Henderson, along with Ireland team-mate and fullback Jacob Stockdale, are two players whom Lions coach Warren Gatland will be considering ahead of announcing the squad next week to tour South Africa in the summer: any personal thoughts on the matter in respect of the two players superseded by Ulster team concerns in Leicester tonight.
So how would Henderson assess this Tigers team? “Big English pack, scrum and maul,” he smiled before adding “not to go back on stereotypes! We’ve looked a lot, not my area of expertise, at their kicking game to [when they] then maul penalties, looking to get [more] penalties.

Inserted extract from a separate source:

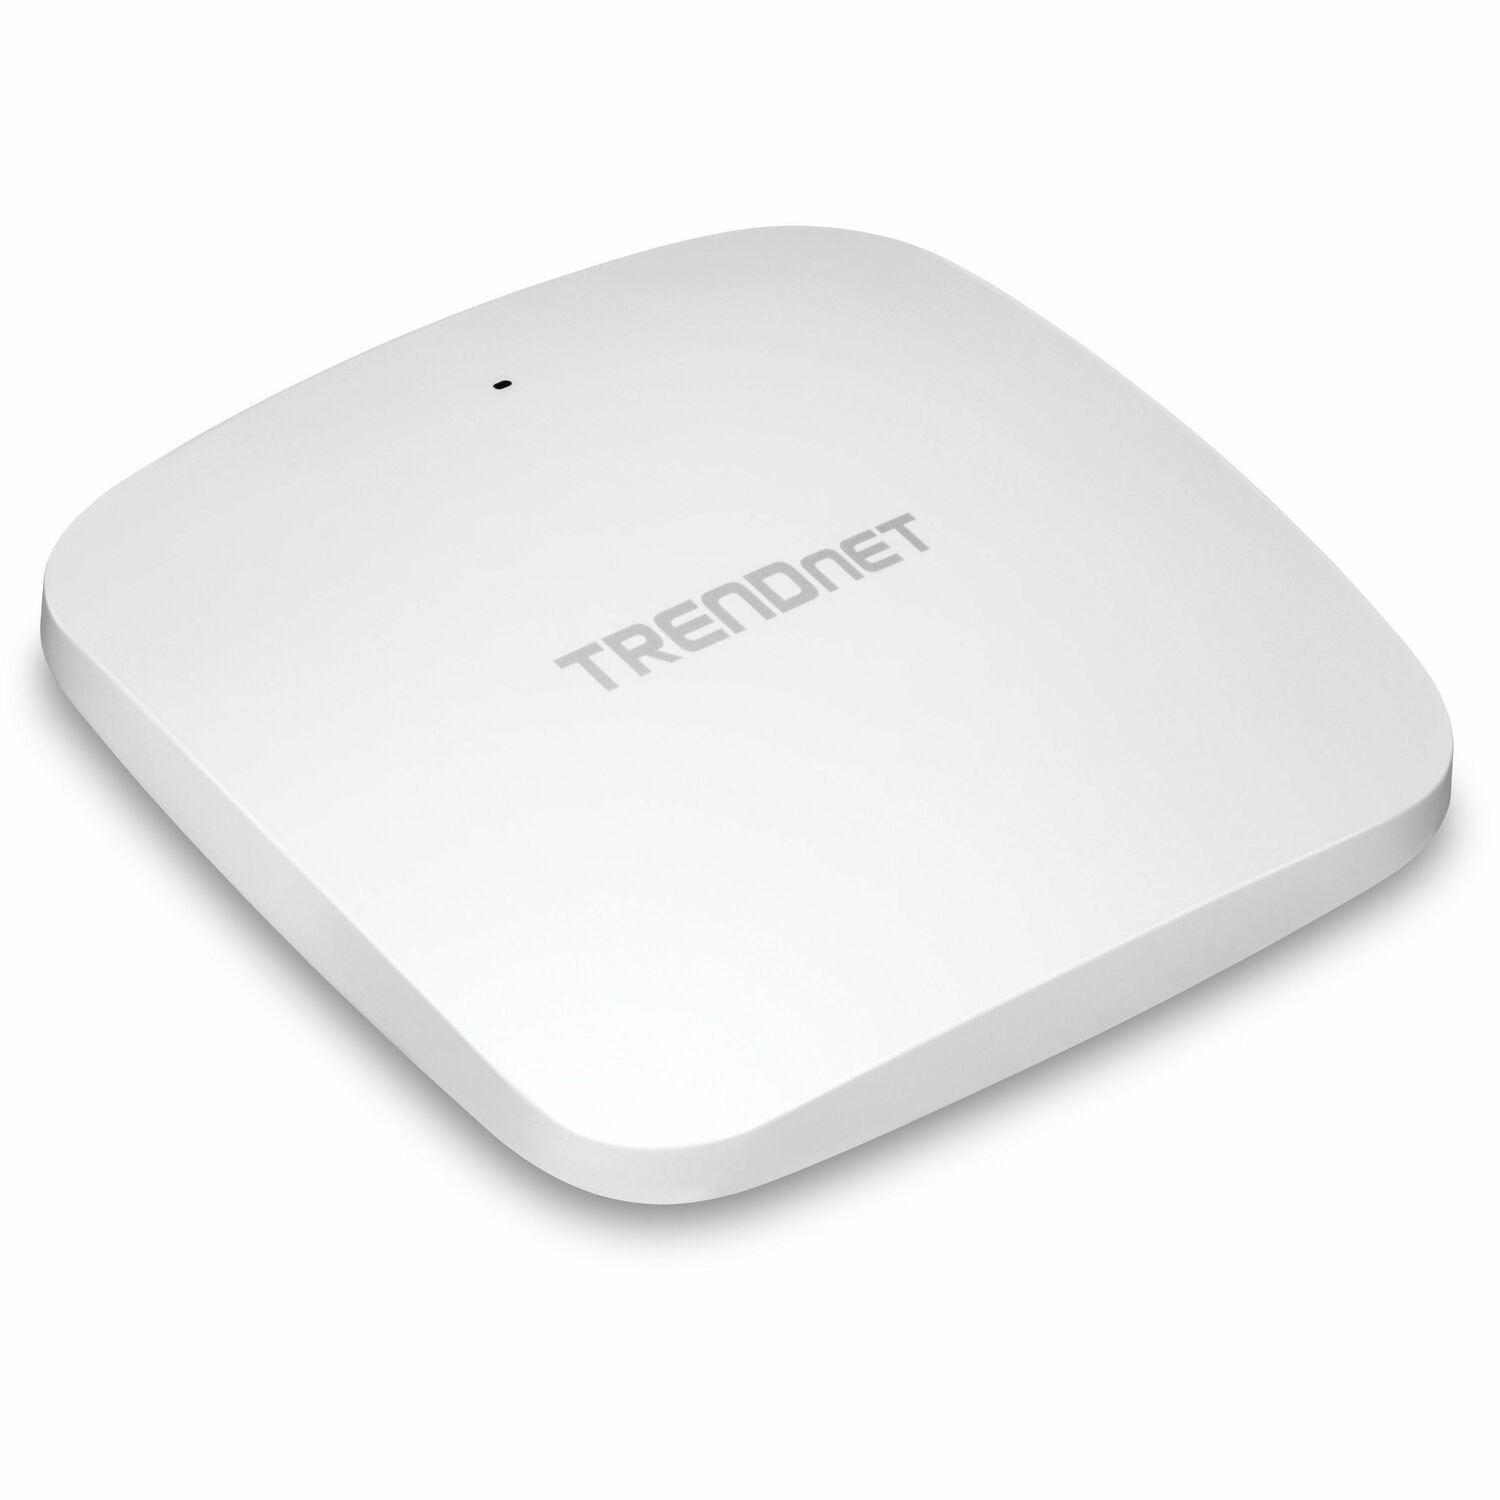 TRENDnet TEW-925DAP Dual Band IEEE 802.11 a/b/g/n/ac/ax 5.27 Gbit/s Wireless Access Point - TAA Compliant

“So we know we have to be big on our set-piece there, big on kick chase, ensuring we resource our rucks after good kicks from them. Obviously they have great kick threats, big ball carriers in the backrow. We’ve got a lot of areas we need to fix up that we didn’t get quite right last week.
“If [Jasper] Wiese or [Nemani] Nadolo or Ellis Genge, or any of those big boys get carrying with momentum like Connacht did [last weekend in the Rainbow Cup match], they will have a good day against us. What we need to do is sort our stuff out, fix what we needed to fix [after] Connacht and hopefully then we’ll be able to nullify those threats.”
Ulster head coach Dan McFarland has made five changes to the team that lost to Connacht. Props Eric O’Sullivan and Marty Moore return to the frontrow, Alan O’Connor is named alongside Henderson in the secondrow, while Jordi Murphy will wear the number seven jersey. Matty Rea retains his place following a fine performance last weekend.
There is just one change to the backline with Stuart McCloskey resuming his centre partnership with James Hume. Michael Lowry and Will Addison, who returned to competitive action against Connacht following 15 months on the sidelines through injury, is part of a strong bench that includes former All Blacks scrumhalf Alby Mathewson.
Borthwick has chosen a strong team, reflected in the fact that England scrumhalf Ben Youngs and Argentine secondrow Thomas Lavanini are on the bench. Nadolo scored two tries when introduced against the Northampton Saints last weekend and it’ll be interesting to see how Robert Baloucoune copes with the sheer physical challenge that the Fijian imposes.
There is no place in the Leicester matchday squad for a couple of Irish underage internationals Johnny McPhillips and Dan Kelly who have featured regularly this season.
McPhillips played in the Irish 20s side that reached the World Junior Championship final against England in 2016 and Kelly, currently studying at Loughborough University, was part of the unbeaten Irish 20s in the 2020 Six Nations and should be a member of the Irish squad for this season’s tournament which takes place in June.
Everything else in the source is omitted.